2020 was traumatic----and therapeutic as well for humankind battered by death, disease and dread, a triad occasioned by an invisible virus that infected the entire world and left it shaken down to its axis, and, refusing to retreat easily.

 

It also taught many lessons about health, wellness, wellbeing and nature-human interaction and a delicate dialectics in a greedy world out to destroy the former for the sake of profits for an extreme minority gone cynical in its pursuits of wealth and power, control and domination. The grim exploitation of resources, natural and human, has produced series of disasters and ecological crises.

 

Climate change---deniers and supporters ranged on opposite lines of raging debates---is real now, here to stay and the negative effects felt globally.

Nature is back seeking balance and unleashing fury on unrepentant humans and elites alike for their acts of violence.

Sacred has become new profane.

Nature and the planet degraded by the polluting practices.

 

If lessons learnt by the Corona pandemic are not remembered for long, such episodes will keep on repeating in coming years as well, at a heavy cost to the world.

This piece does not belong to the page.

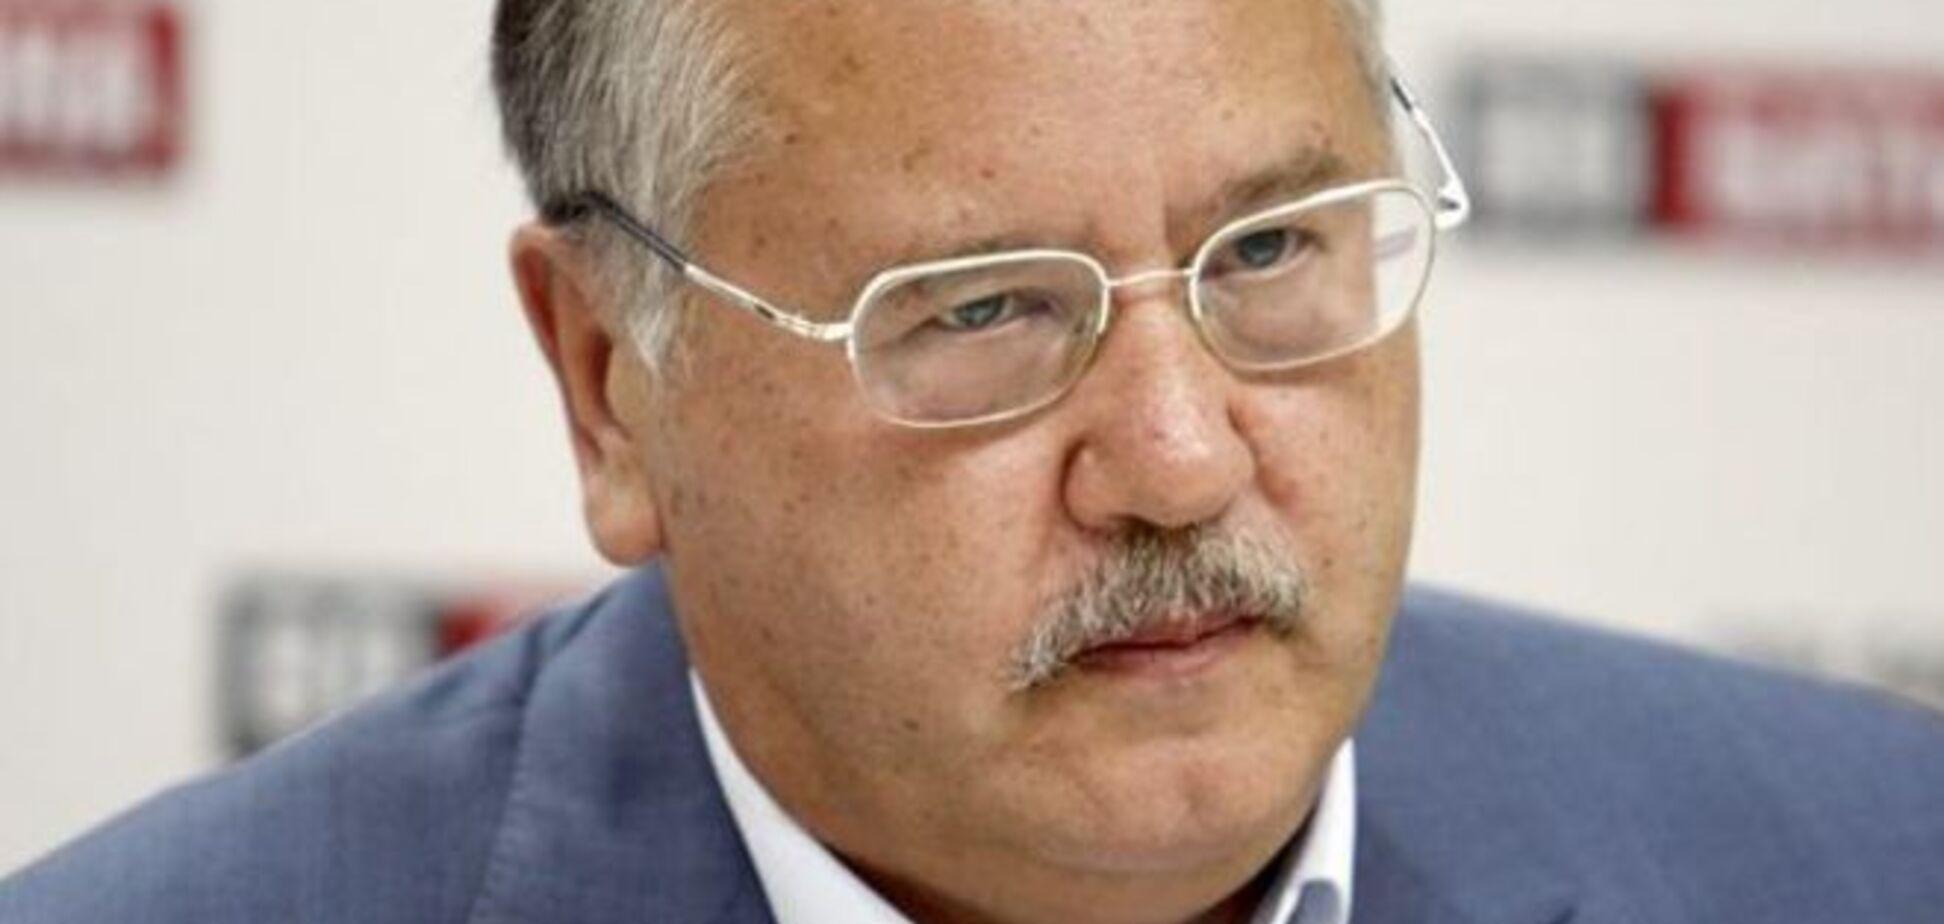 Гриценко: при падении Ил-76 в Луганске погибло 49 военнослужащих

The balance needs to be restored by all of us, the ultimate stakeholders in the future of the planet, otherwise, it will soon become a memory---the bountiful nature and earth itself.

What once was a prediction in art or grim artistic vision---like The Plague of Camus--- came to pass in the year 2020.

We should not take things for granted and begin acting proactively in such urgent matters.

Art and artistic endeavours are necessary interventions. These point out the way forward also.

 

Our special editions are appropriate responses to the changing contexts. This time, too, the focus is on positive action through fine writing.

Word and world!

Both reciprocally working on each other.

Nature. Life. Cognition. Expression.

Together---creativity!

 

This month's special edition is on nature, natural world and poetic experiences, something mystical, otherworldly, almost spiritual. It is titled: Seeking Solace and Sublime: Nature and Creative Cognition. Curated by  the senior surgeon Rameshwer Singh---a distinguished trilingual poet, photographer and singer, and above all, a devotee of nature and Sufi in taste and action---brings out the complex of relationships and interconnectedness of dimensions multiple through this special project by Setu. The writings selected testify to the philosophical and ethical views of nature---as sacred and primary source of life and overall meaning in a progressive narrative called culture and civilization.

 

We remain thankful to all the writers, readers and guest editors for their support to a bilingual journal with more than 18-lakh plus readership.

Wishing you all---a happy, healthy and prosperous New Year!

Most importantly---peaceful year ahead!


Sunil Sharma,

Editor, Setu (English)
Mumbai Metro Area, Maharashtra (India)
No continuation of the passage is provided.